Britten • Poulenc • Prokofiev: Sinfoniettas
Lahti Symphony Orchestra/Dima Slobodeniouk (BIS)
Published:
Britten • Poulenc • Prokofiev
Sinfoniettas
Lahti Symphony Orchestra/Dima Slobodeniouk
BIS BIS-2601 (CD/SACD) 62:42 mins
The idea that a Sinfonietta is a somewhat lightweight version of the more emotionally complex Symphony is contradicted in at least two of the works featured here. Britten’s Sinfonietta Op. 1, performed here in the later chamber orchestra version of 1936, is scored for modest forces and is relatively compact in structure; yet it’s a dark and turbulent work, displaying the precociously gifted young composer’s infatuation with the expressionist style of the Second Viennese School. The Lahti Symphony Orchestra under former principal music director Dima Slobodeniouk delivers a compelling performance with some particularly stunning string playing in the rhythmically propulsive finale.

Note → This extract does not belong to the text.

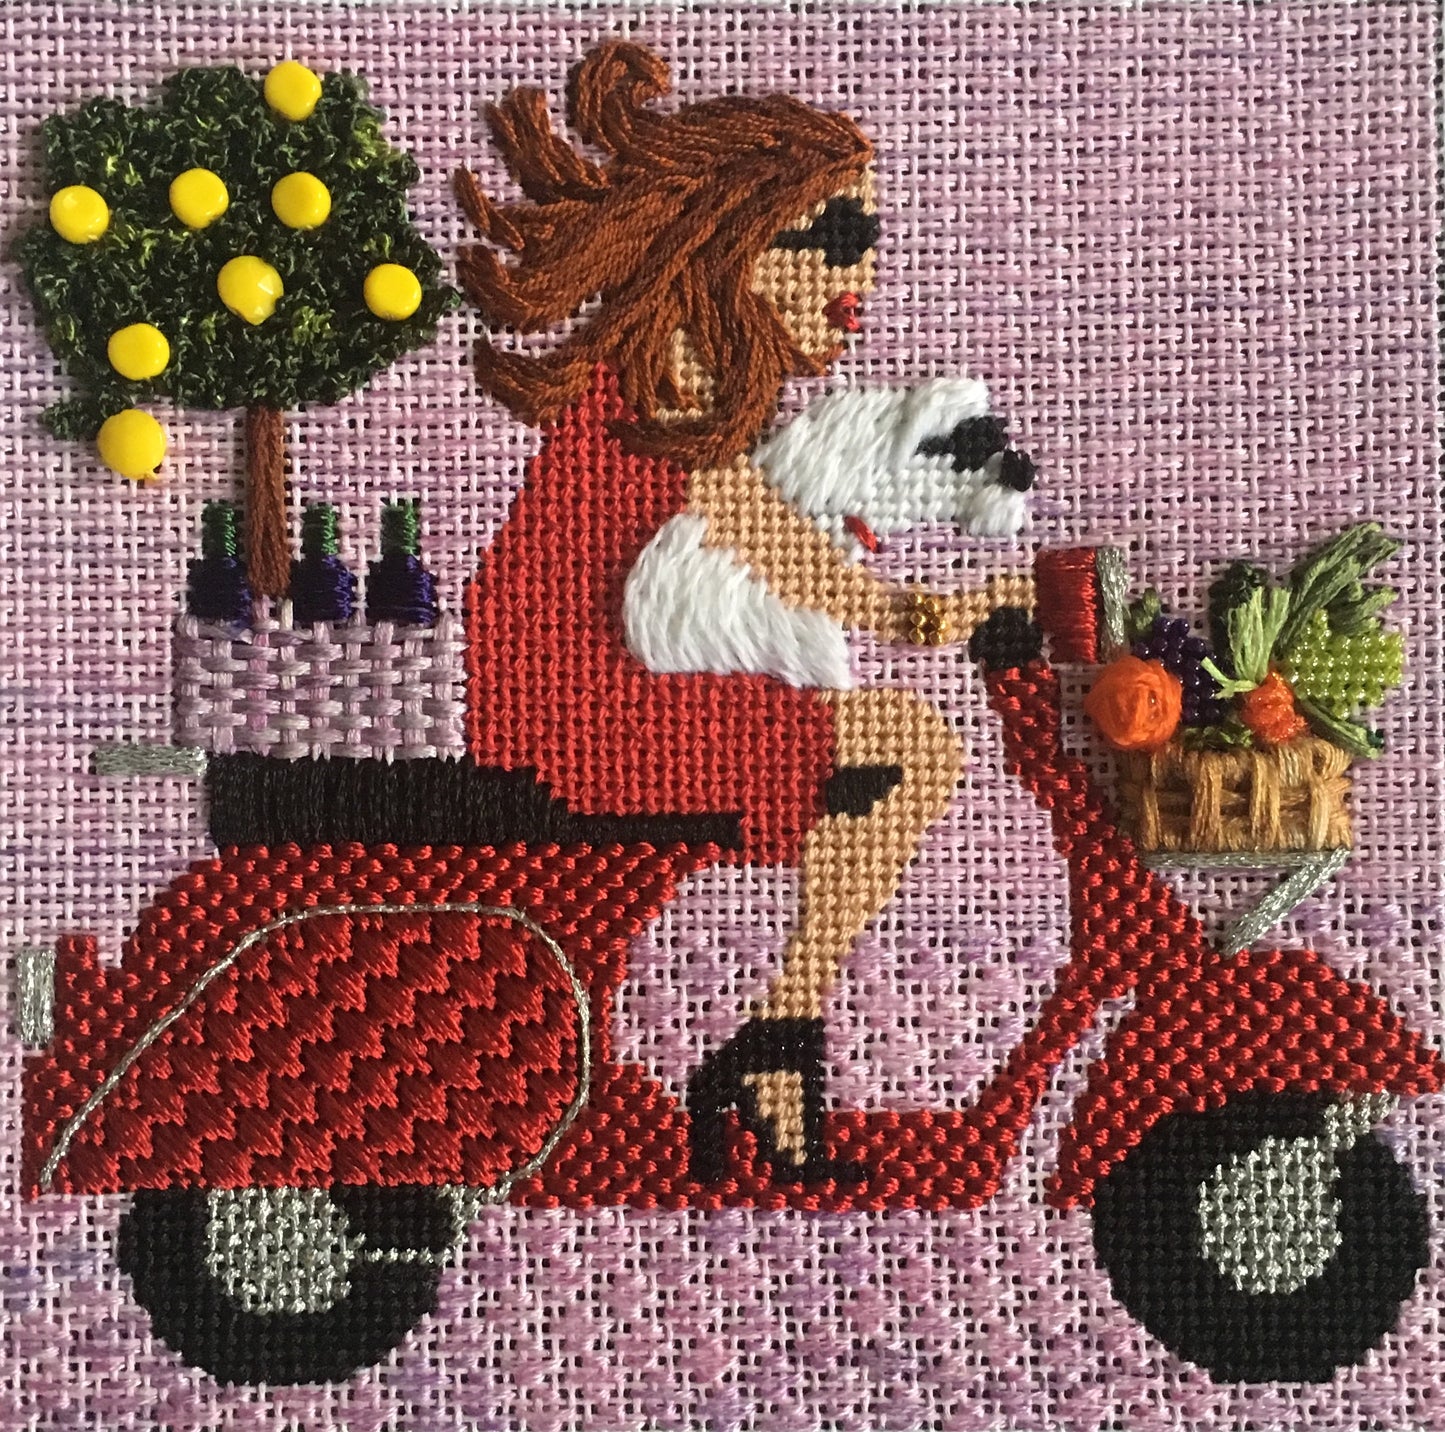 Stitched example of the Melissa Prince needlepoint canvas of a woman riding a Vespa motor scooter with a dog and wine and lemon trees in the background

Poulenc’s Sinfonietta, composed to celebrate the Tenth anniversary of BBC Radio’s Third Programme in 1947, boasts a veneer of breeziness and insouciance entirely apposite to the genre. Yet a vein of melancholy is never far from the surface, and the sudden shifts of mood and tempo throughout each of its four movements creates a distinctly unsettling effect. Slobodeniouk and his excellent orchestra makes clear the music’s emotional ambiguity with a performance of rhythmic panache and lyrical warmth.
In contrast, Prokofiev’s early five-movement Sinfonietta is comparatively straightforward, displaying the composer at his most genial and playful. Hearing this brilliantly characterised performance, backed up by an admirably clear recording that allows us to hear all of Prokofiev’s intricate textural interplay, it’s hard to understand why such music isn’t far better known.